Take ✳210.23 for example:
Assuming $\kappa$ is a classes of classes such that, of any two, one is contained in the other, i.e. $\alpha, \beta \in \kappa .\supset_{\alpha, \beta} : \alpha \subset \beta . \vee . \beta \subset \alpha $
✳210.23 $\vdash:Hp✳210.2. \lambda \subset \kappa. p‘\lambda\in \kappa-\lambda.\supset. p‘\lambda=prec_Q‘\lambda=tl_Q‘\lambda$
I wonder, in the hypothesis, if the product of $\lambda$ can ever NOT be a member of $\lambda$. In other words, can this ever happen? $\lambda \subset \kappa.p‘\lambda\in \kappa-\lambda$.
If you can come up with a concrete example, please help me out.
Thanks!
See page 592, vol.II :
SECTION B deals with sections (sic !) and the Dedekindian treatment of the continuum.
I think that the discussion is related to the Completeness property of the real line.
Consider as $\kappa$ the set $\mathbb R$ of real numbers, with the usual ordering, and consider as $\lambda$ the set $\{ r \in \mathbb Q^+ | 2 \le r^2 \}$.

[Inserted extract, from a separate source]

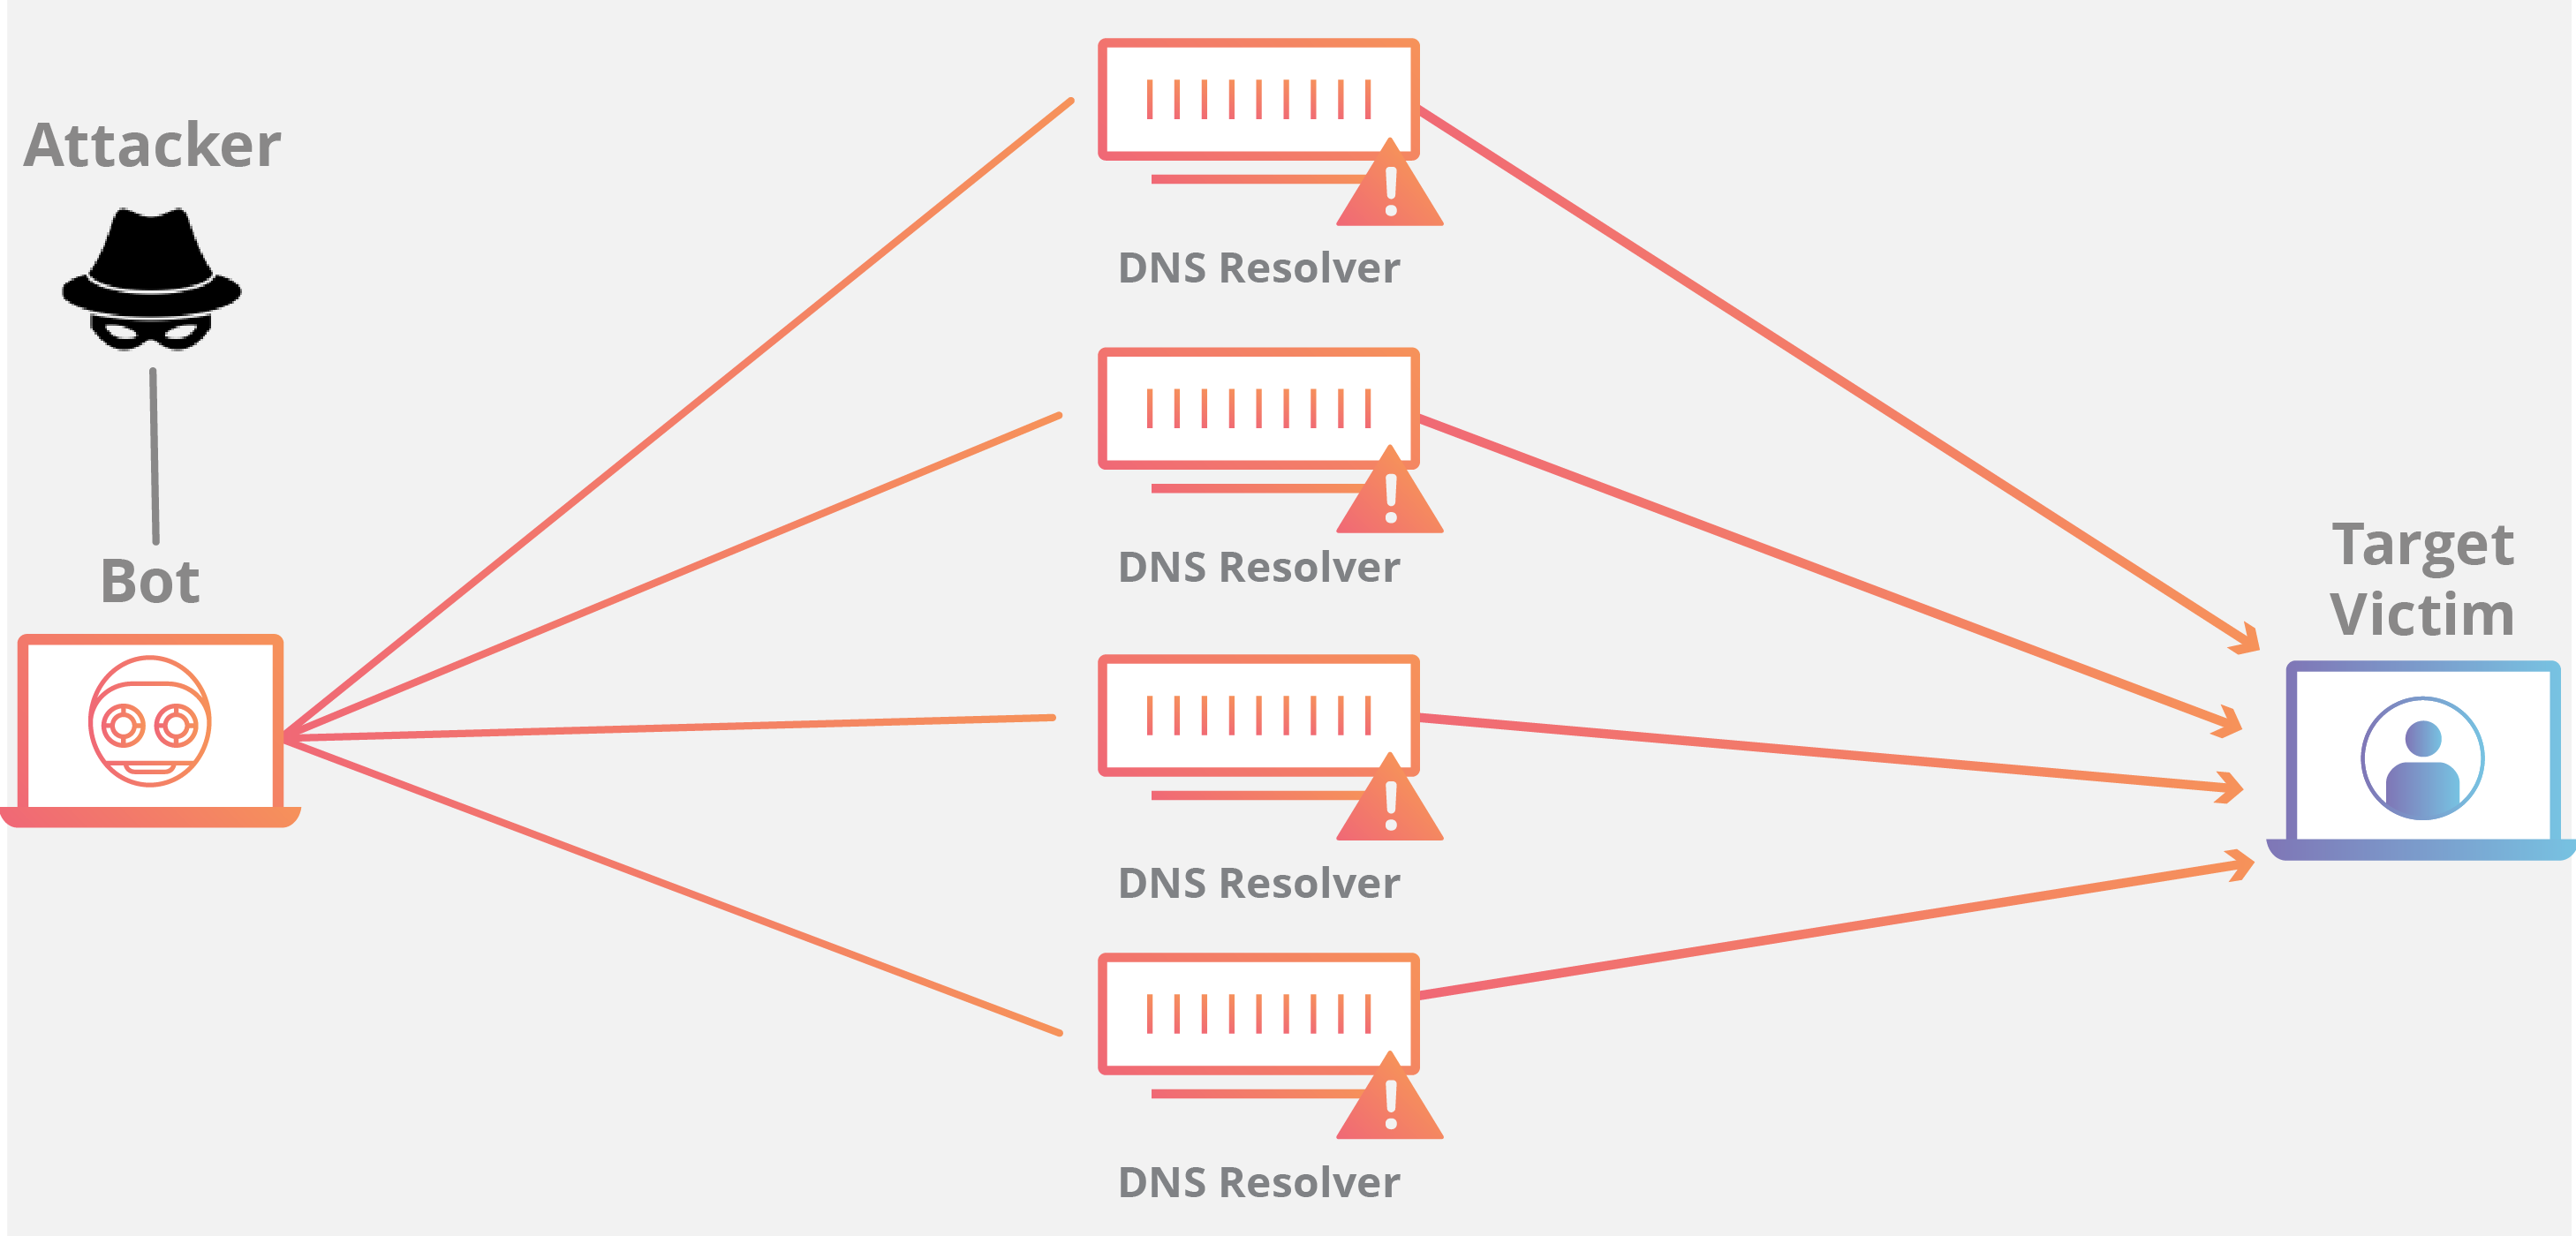 What Is a Distributed Denial-of-Service (DDoS) Attack? | Cloudflare
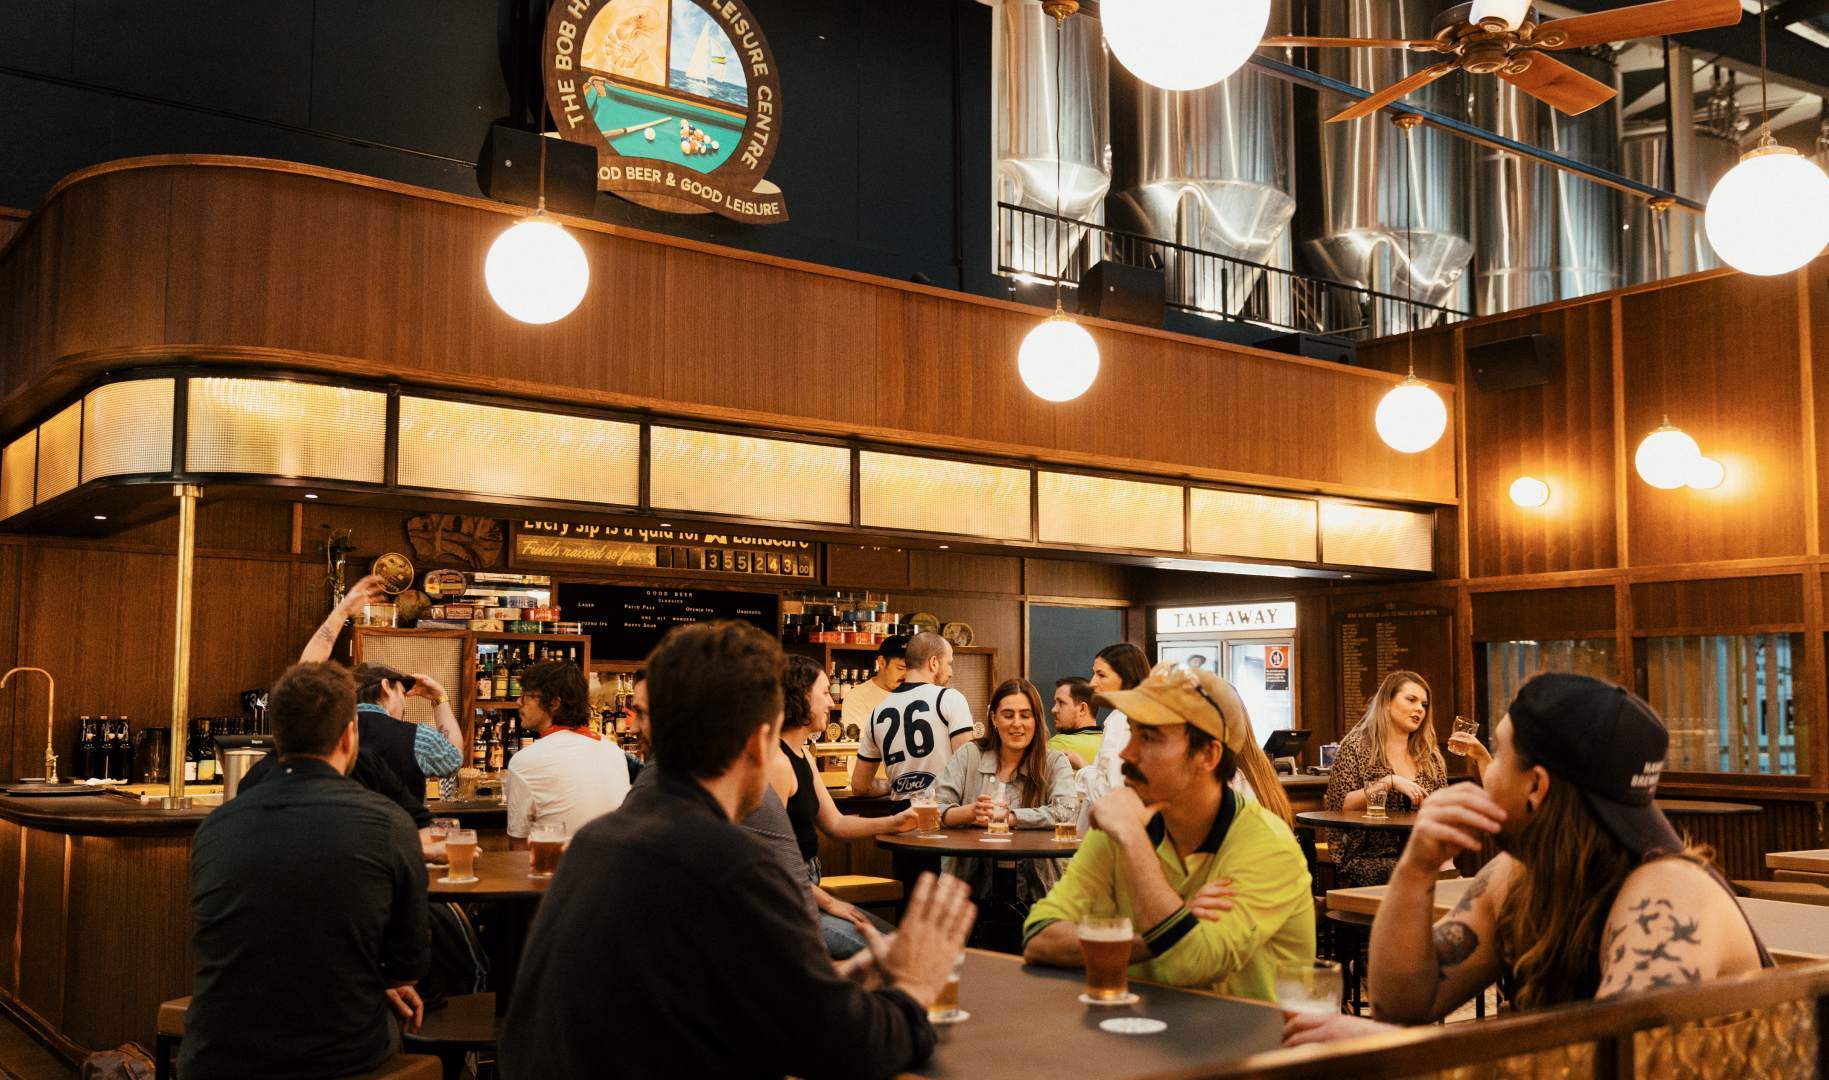 The Best Brewery Bars in Sydney

I.e. $\lambda$ is the set of positive rational numbers whose square is greater-or-equal than two; clearly, the lower limit of $\lambda$ is $\sqrt 2$, which is not rational.
Thus, it is a member of $\kappa$ but not of $\lambda$, and so it is not the minimum of $\lambda$.
If instead we consider $\lambda' = \{ r \in \mathbb R^+ | 2 \le r^2 \}$ [i.e. the set of positive real numbers whose square is greater-or-equal than two], we have that $\sqrt 2$ is the minimum of $\lambda'$, because - being a real - it is a member of $\lambda'$.